To Feature Flag is to Experiment

When we started Split one of the most common questions asked by investors, prospects, and friends was, “wait, can you build a company on feature flags?” As entrepreneurs, that question and the implied derision became the flame that powered us through the highs and lows of building Split.

Why Feature Flags Have Taken Off

Over the years, this question has gone away. This is partly due to the hard work of Split and LaunchDarkly – two leading vendors in this space – and partly due to the natural adoption curve of newly productized categories. In other words, the market is now ready:

  • Homegrown feature flags have been implemented by many engineering teams
  • Better automated testing, monitoring and observability have opened the door to testing in production
  • Software apps are better instrumented, with products such as Segment, Heap, and Amplitude, than ever before

The new question I get asked regularly is far more interesting: “is feature flagging the complete solution or is feature flagging a feature of a larger solution?”

I believe that feature flagging is the foundation of a larger category of tools needed by modern day development teams.

Let me explain. The most common interpretation of feature flags is a basic on/off flag that is either on or off for everyone. If you are really adventurous, you may add the ability to individually target specific users into the flag. All in all, this is a rather basic interpretation of a flag.

Using Feature Flags to Change your Release Paradigm

The more interesting variant of feature flags is “controlled rollouts”:  the idea of turning a feature on for a random percentage of users. More advanced versions of controlled rollouts involve customer dimensions. For instance:

// turn on the feature for 50% of users in california. For everyone 
// else, turn it on for 1% of users.
if user.state = ‘ca’ then split 50%:on,50%:off 
else split 1%:on,99%:offCode language: C# (cs)

Moving forward, I will use the terms controlled rollouts and feature flags interchangeably. 

Controlled rollouts are powerful. They allow product engineering teams to reduce the blast radius of mistakes, test in production, and generally bake their features and infrastructure without risking the user experience of every customer.

Controlled rollouts are also the most common variant of feature flags across Split’s customers. 

However, they also introduce an opportunity product engineering teams have never had before –  the ability to quantify the impact of a feature on engineering & product metrics without releasing it to 100% of users.

Let’s work through this a bit.

In a controlled rollout, a feature is first released to 1%-5% of users to understand if there were some obvious bugs, exceptions, or latency changes introduced by the feature. However, the mean or 95th percentile latency across the site will not change at such small exposure. In essence, APMs and exception tracking systems are not built to pick up the signal produced by a feature flag.

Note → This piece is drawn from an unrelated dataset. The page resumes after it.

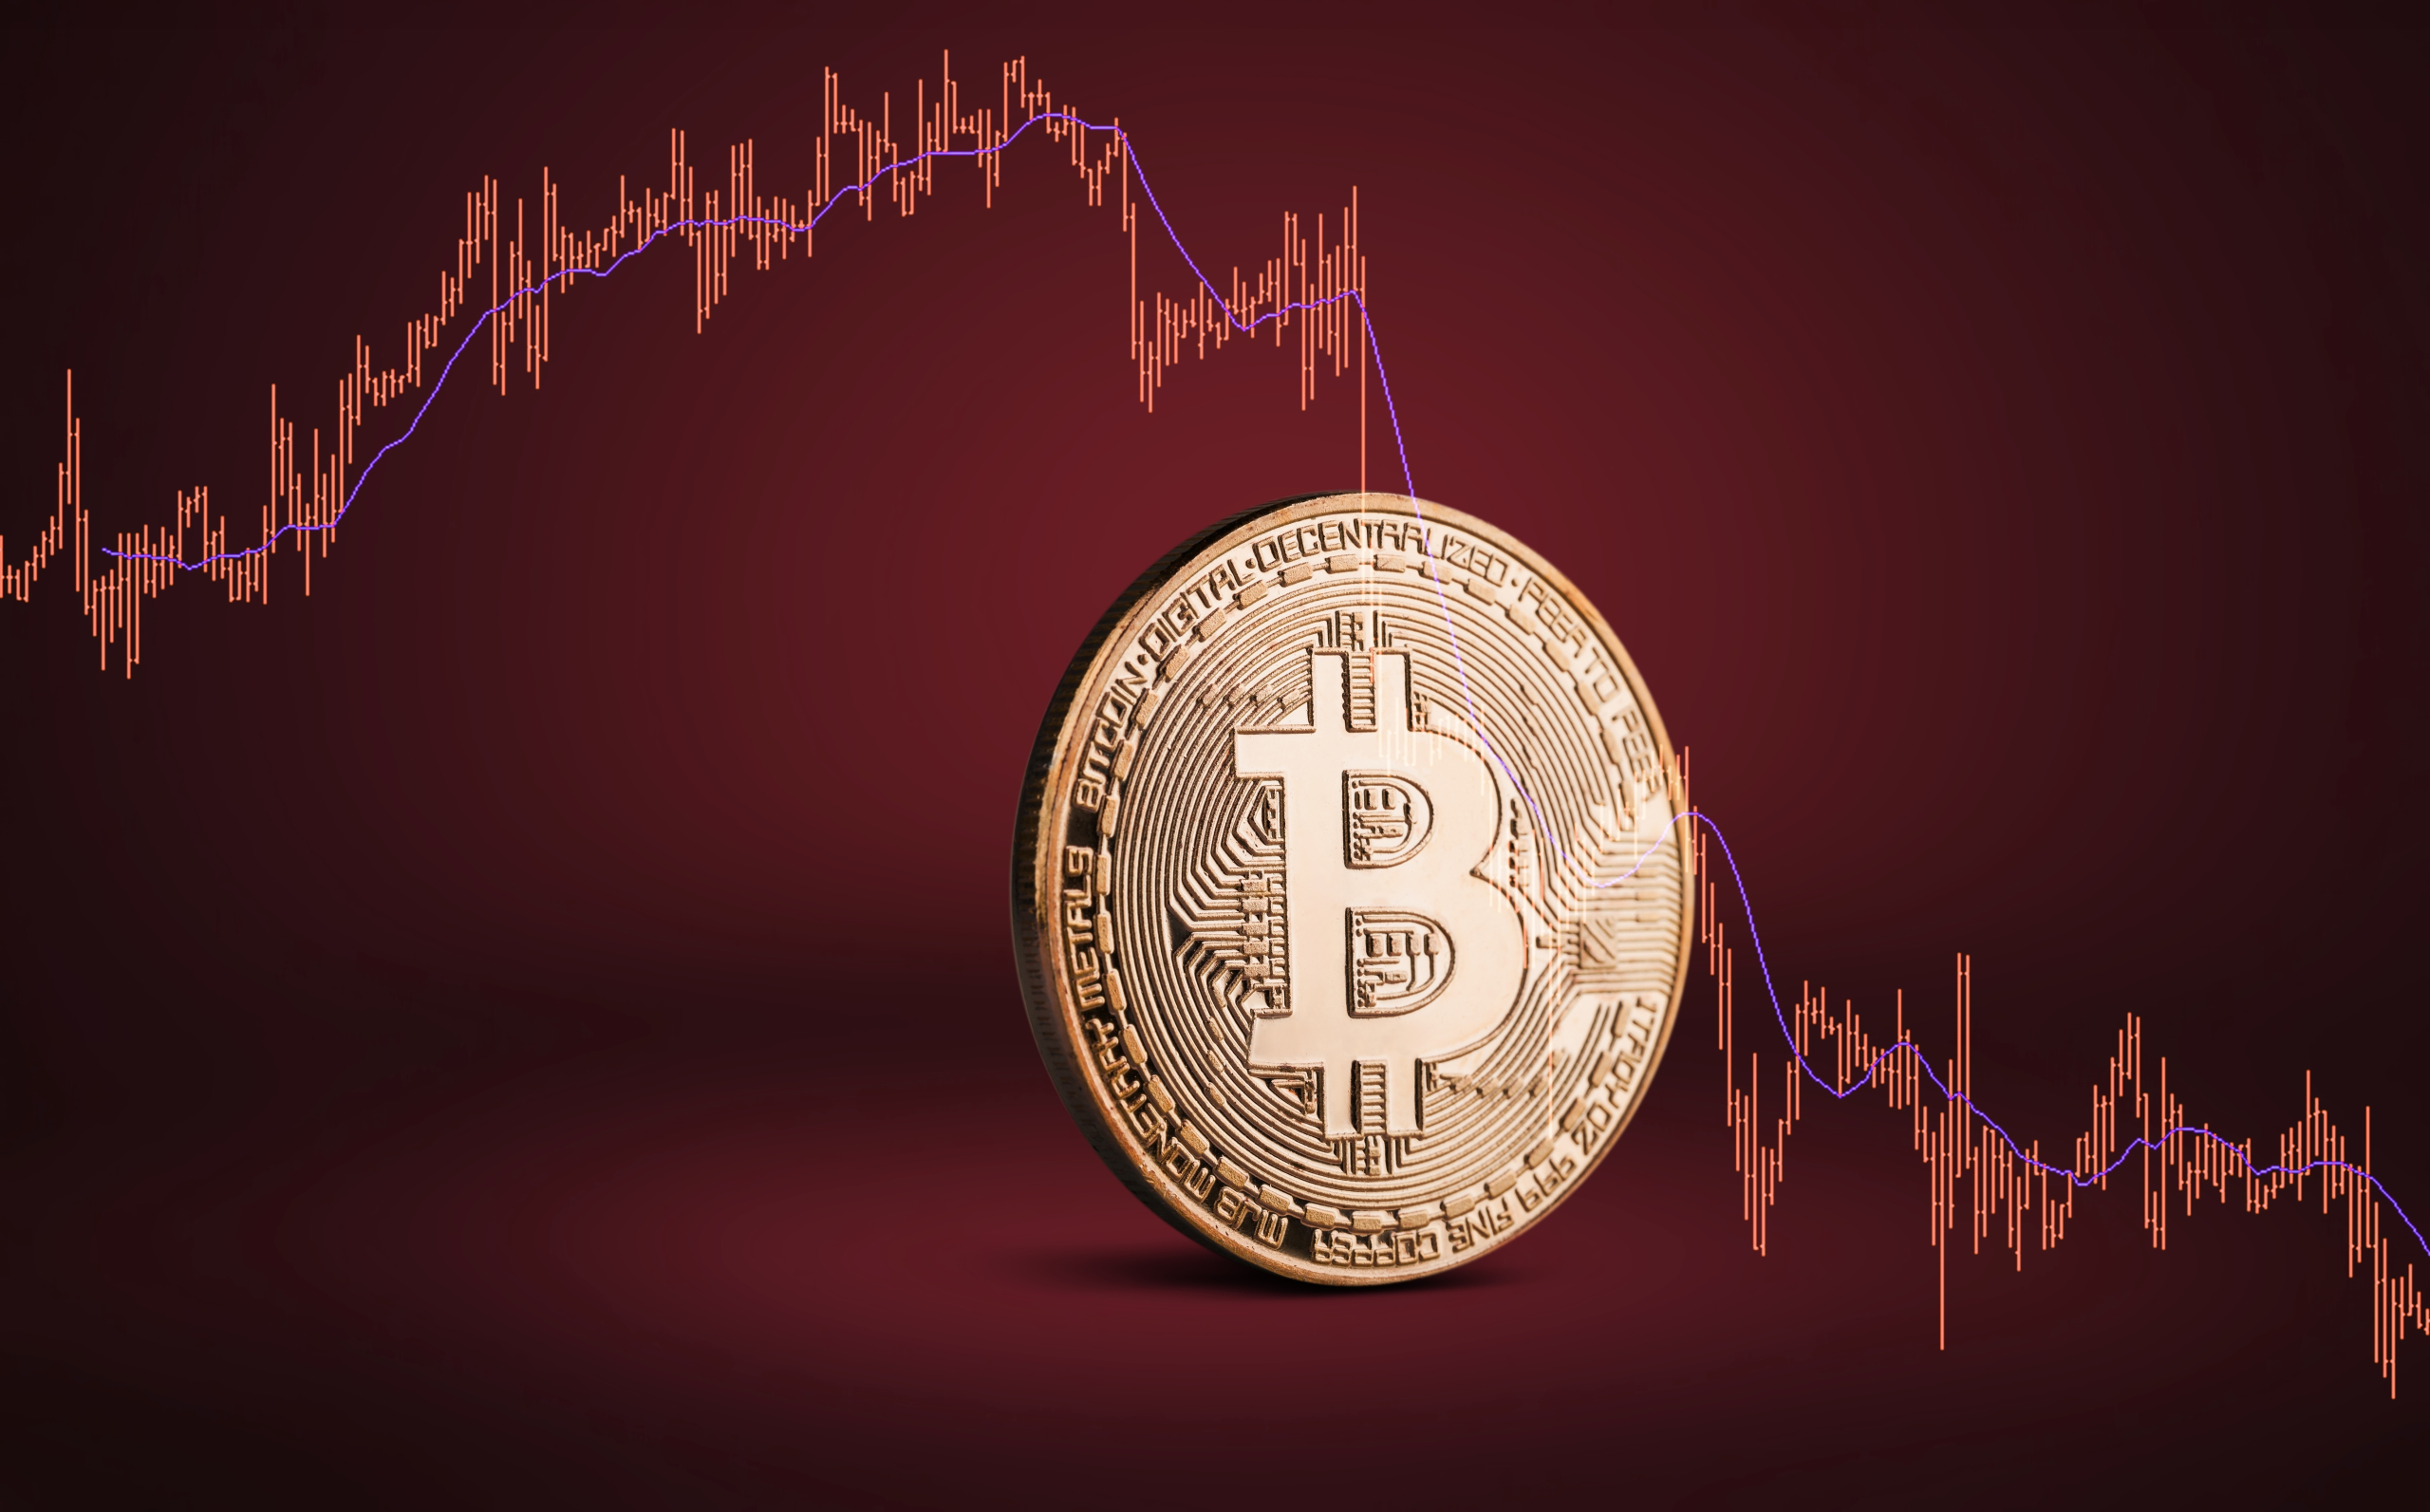 Bitcoin takes a small hit, but remains fairly stable

If there is no degradation in engineering operational metrics, the feature can be released to 25%-50% of users. Similar to APMs, Product Analytics systems will not pick the impact of the feature on user behavior metrics at that exposure level.

In other words, feature flags break both types of measurement: engineering operational metrics and product user behavior metrics.

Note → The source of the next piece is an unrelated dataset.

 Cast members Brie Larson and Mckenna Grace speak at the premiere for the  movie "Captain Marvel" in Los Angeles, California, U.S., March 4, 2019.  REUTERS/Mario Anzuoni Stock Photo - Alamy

Feature Flags + Controlled Rollouts + Measurement = Experimentation

So, what is the solution? The solution is to tie measurement to feature flags in a single integrated system. At their full maturity, such systems are capable of managing feature flags and running experiments. Pick any successful tech company and at the heart of their product engineering teams is a feature delivery platform.

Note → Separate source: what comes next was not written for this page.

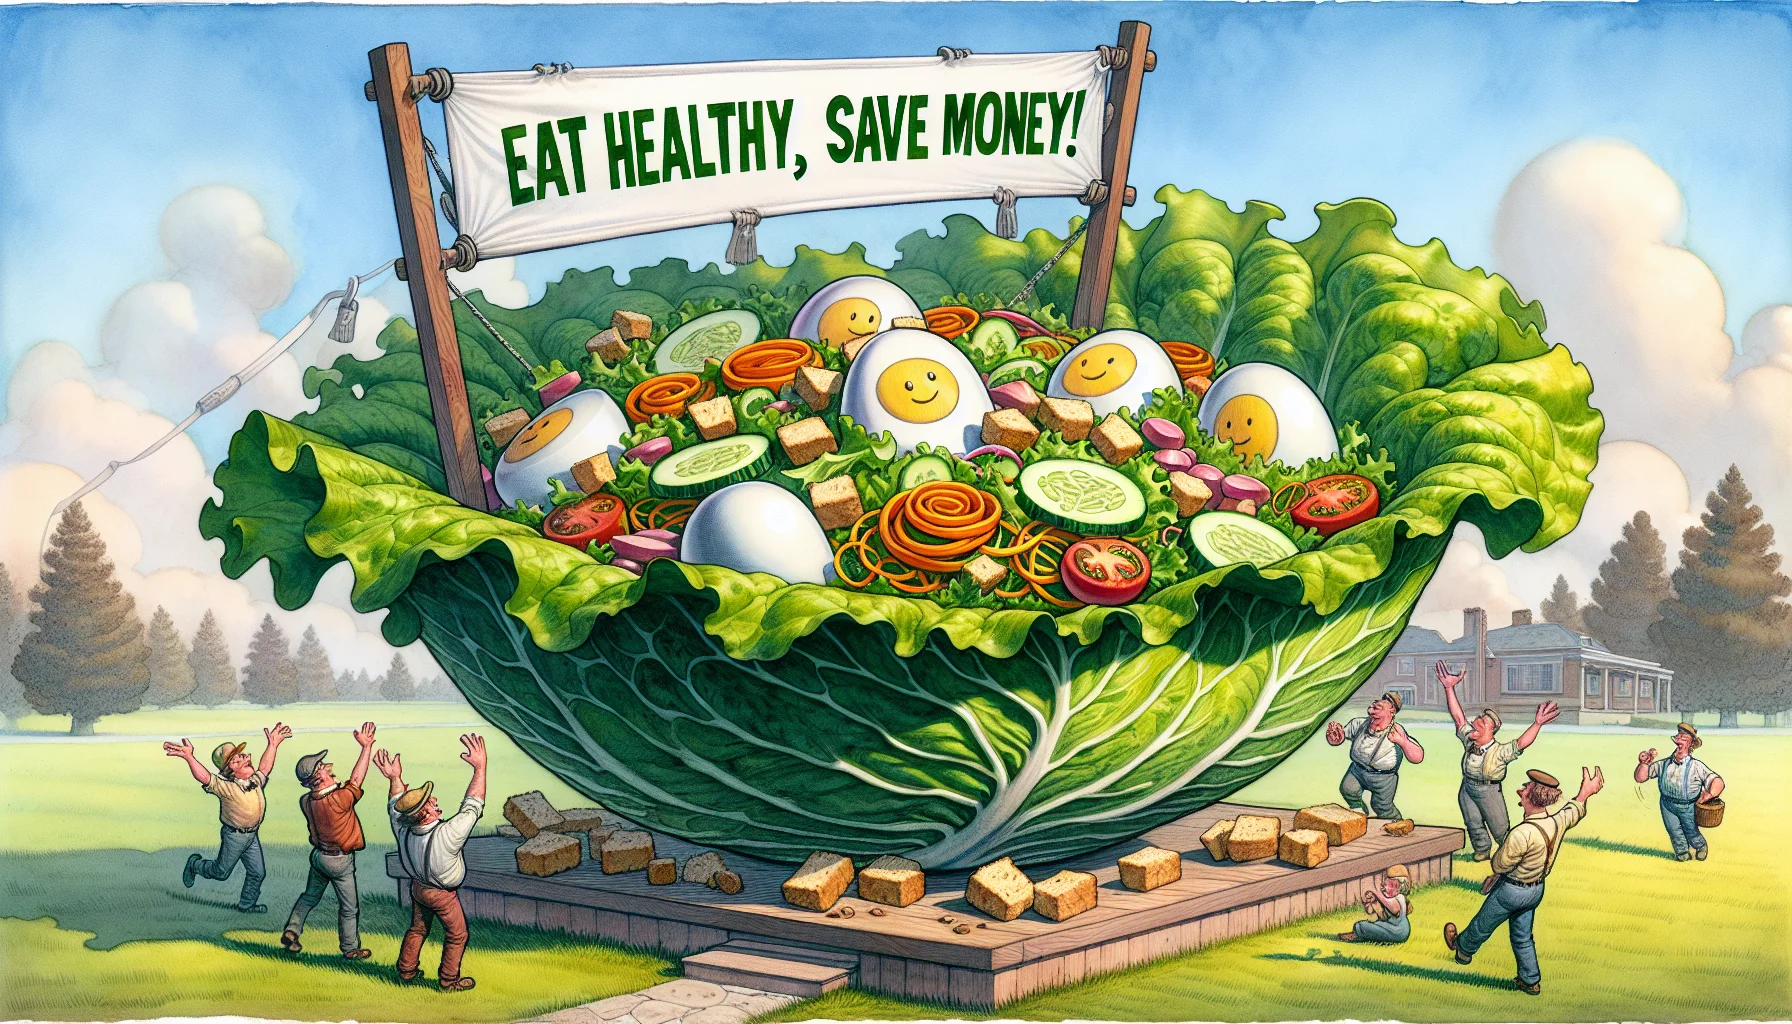 Imagine a fun, preposterously amusing scene promoting thrifty healthy eating. Picture a massive salad bowl nestled comfortably in a gigantic lettuce leaf hammock, swaying gently on a sunny day. The salad is a vibrant puzzle of fresh veggies, spiraled carrots, crisp cucumber, succulent cherry tomatoes, leafy greens, and clusters of crunchy croutons. Amongst this, hard-boiled eggs with playful cheery faces, gazing up at a big banner overhead that reads, 'Eat Healthy, Save Money!'. The whimsy is amplified by artists like cartoonists from the late 19th century, invoking humor and simplicity. Paint this scenario in watercolor style.

They allow engineers to release a feature to 1% of users; automatically detect, alert, and kill the flag if page latencies or exception rates increase. They allow product managers to continue the release to 50% of users and learn whether the feature had the desired impact on user behavior or at least did not cause a degradation.

That is the real category feature flags create; one where you rapidly release, measure, and learn from your users through a unified solution for feature delivery.

In summary, feature flags are incomplete without controlled rollouts and measurement. By combining these three concepts, we create a powerful world where every feature is safe behind a flag, purposefully released to users, and quantified through metrics.